Discreto, prudente, profesional y un gran gimnasta, dicen. El tesorero del PP se machaca todos los días en un conocido gimnasio de la pija calle Serrano de Madrid (practica la cinta y ejerce duras tablas de gimnasia para fortalecer brazos, piernas y cintura). Hace tres semanas, en pleno escándalo del caso Gürtel, en el que está implicado por presuntos delitos fiscales y de cohecho, no dudó en irse unos días a subir el Aneto, el pico más elevado de los Pirineos (3.404 m.) y bajarlo después esquiando, con los esquíes que había subido a sus espaldas.

Pero su primer gran hito como escalador -también su primer gran escándalo público- fue cuando organizó en el verano de 1987, junto al canario Antonio Ramos y su amigo Luis Fraga, la Expedición Española al Everest. Abrieron la llamada vía de los españoles e izaron la bandera rojigualda en la cima más alta del mundo (8.848 metros). Sin embargo, su ascensión fue puesta en tela de juicio por un comité de expertos que consideró que «la memoria de la aventura no se ajusta a la realidad».

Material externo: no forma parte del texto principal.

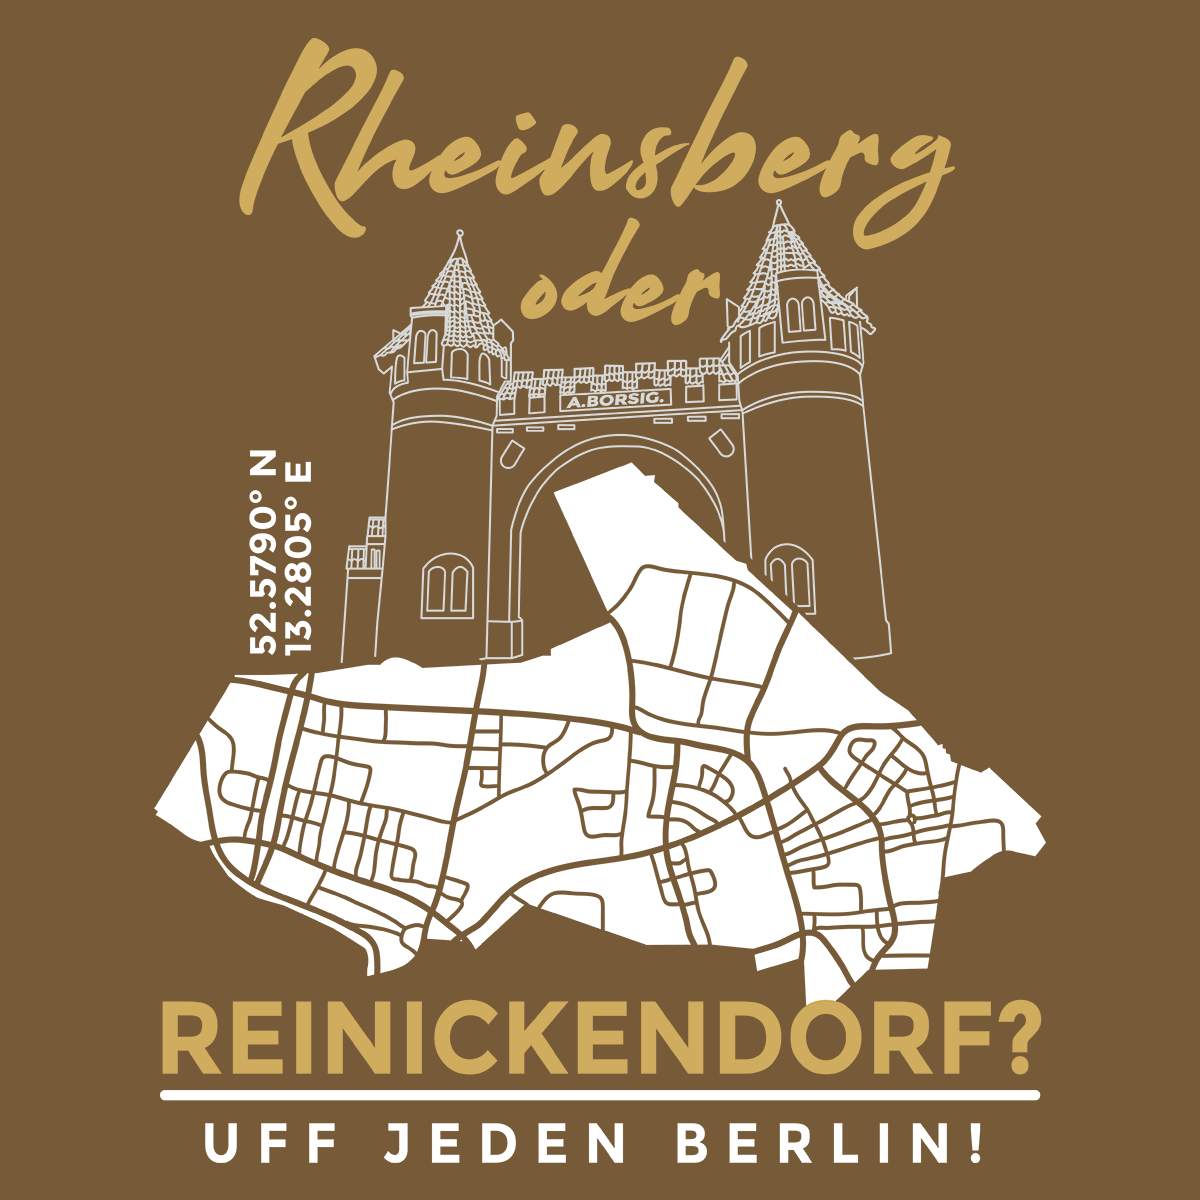 Rheinsberg oder Reinickendorf
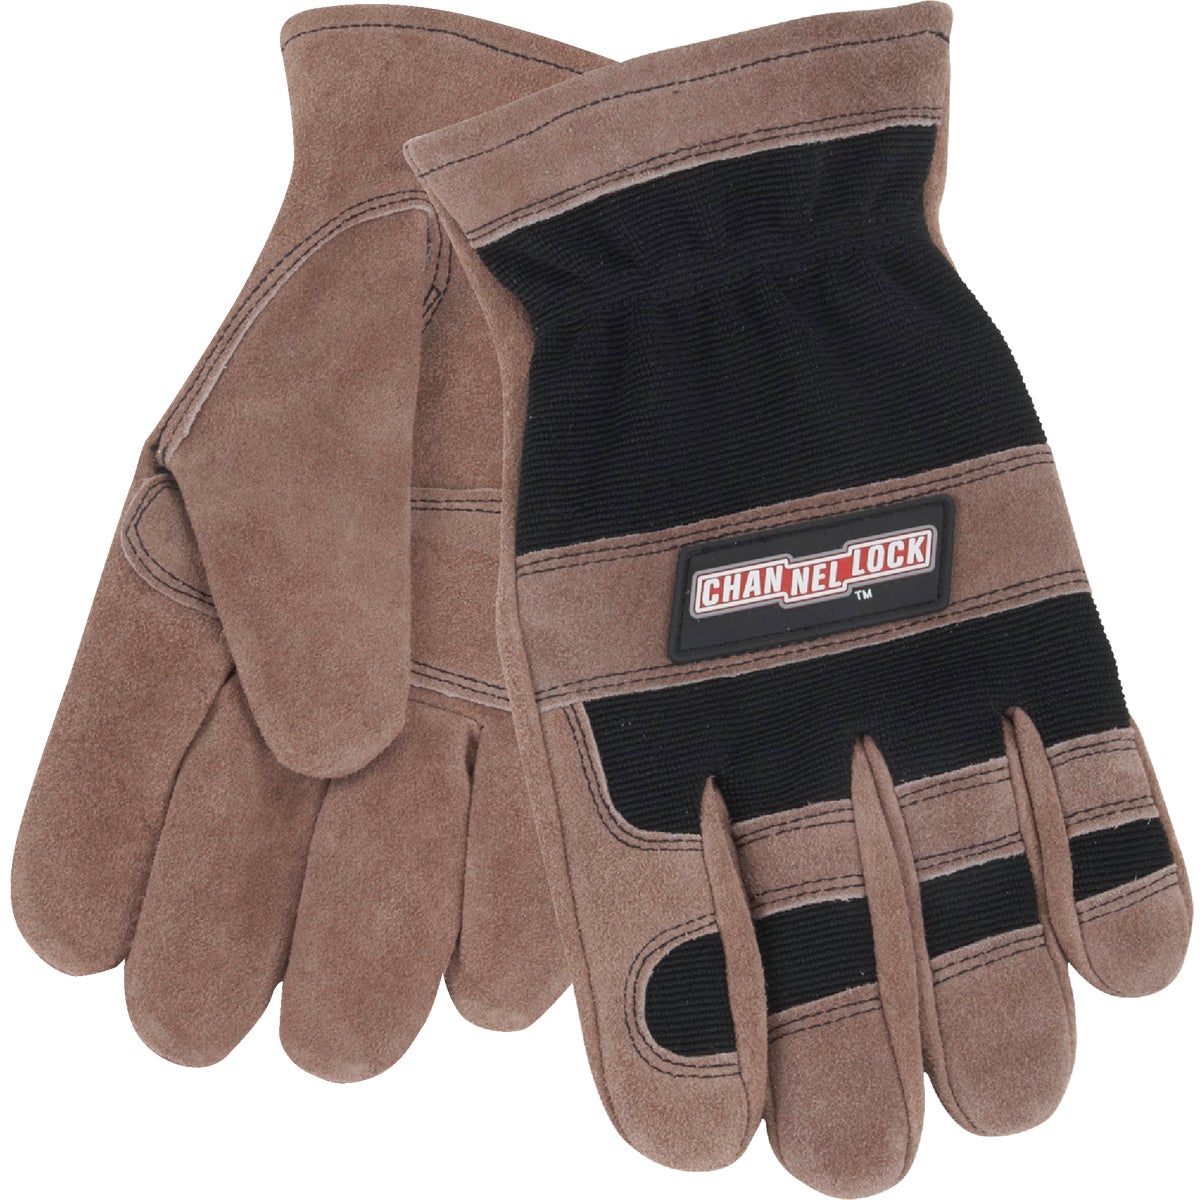 Channellock Men's XL Leather Work Glove

Bárcenas, el alpinista, tuvo que dar por primera vez la cara y, junto a sus compañeros, ofrecer una rueda de prensa en Madrid para defenderse. El comité nacional de expertos sostenía que la expedición «se inició y finalizó sin ética». Concluía que no se podía hablar de vía española, «ya que ésta coincide con la vía japonesa, creada con anterioridad».

Esta selección española de montañeros de ocho autonomías fue escogida, contra lo que era costumbre, mediante un concurso abierto, «con el fin de que todos los montañeros españoles tuvieran la posibilidad de participar en la empresa», y no sólo catalanes y vascos. Entre otros, al final Bárcenas y Fraga se llevaron en la expedición al gran Fernando Garrido, récord mundial de permanencia en el Aconcagua, otra de las grandes cimas que también ha subido el tesorero del PP, junto al monte Elbrus, el pico más alto de Europa en el Cáucaso, y el Mont Blanc.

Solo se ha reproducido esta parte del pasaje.